Whole house surge protection does not sound like a bad idea.


----------



## Spunk#7 (Nov 30, 2012)

If the home owner has typical failing neutral symptoms, I plug a beast in and make all decisions from there.


----------



## Locknutz (Sep 7, 2012)

FastFokker said:


> Whole house surge protection does not sound like a bad idea.
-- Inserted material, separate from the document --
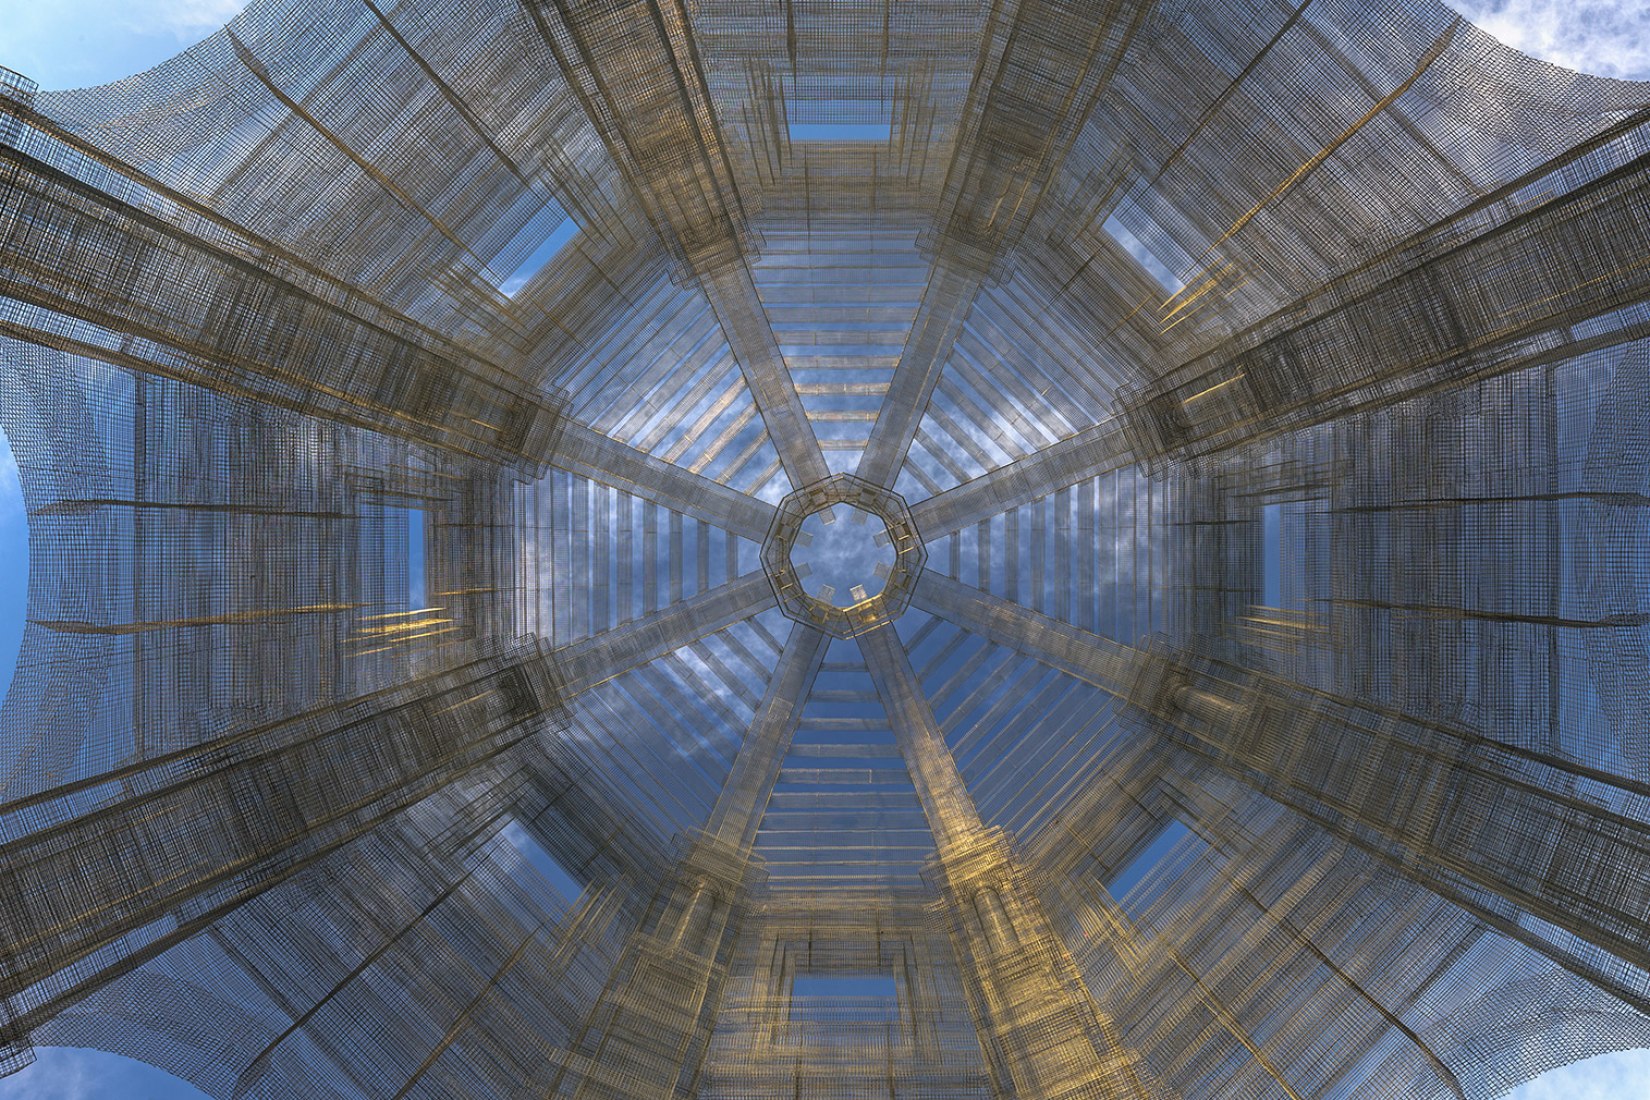 Dome view. Etherea by Edoardo Tresoldi. Photograph @ Roberto Conte

Agree in the point that it would not hurt to put one in but is not really addressing the issue. It's throwing parts at a problem. Besides if she is having a floating voltage that is due to the power company's equipment why spend the money?


----------



## Locknutz (Sep 7, 2012)

Spunk#7 said:


> If the home owner has typical failing neutral symptoms, I plug a beast in and make all decisions from there.


I've heard of the beast being used and my uncle is lineman told me that the poco has one they will use to check the voltages on their end. Will it confirm an intermittent loose neutral or just an open?


----------



## guest (Feb 21, 2009)

Locknutz said:


> I've heard of the beast being used and my uncle is lineman told me that the poco has one they will use to check the voltages on their end. Will it confirm an intermittent loose neutral or just an open?


Both. :thumbup:


----------



## Russell_M (Apr 6, 2013)

if its a overhead service have the service provider check the connections at the transformer. check for butt splices (are proven to fail) or confirm good splice and possible heat damage at overhead lines. how many services are on the transformer that feeds your service. could try turning off your main breaker and checking voltage if it still spikes with your main off it may not be your service...


----------



## AlbertaBeef (Mar 30, 2013)

I've never heard of a beast before, can someone clue me in?


----------



## erics37 (May 7, 2009)

AlbertaBeef said:


> I've never heard of a beast before, can someone clue me in?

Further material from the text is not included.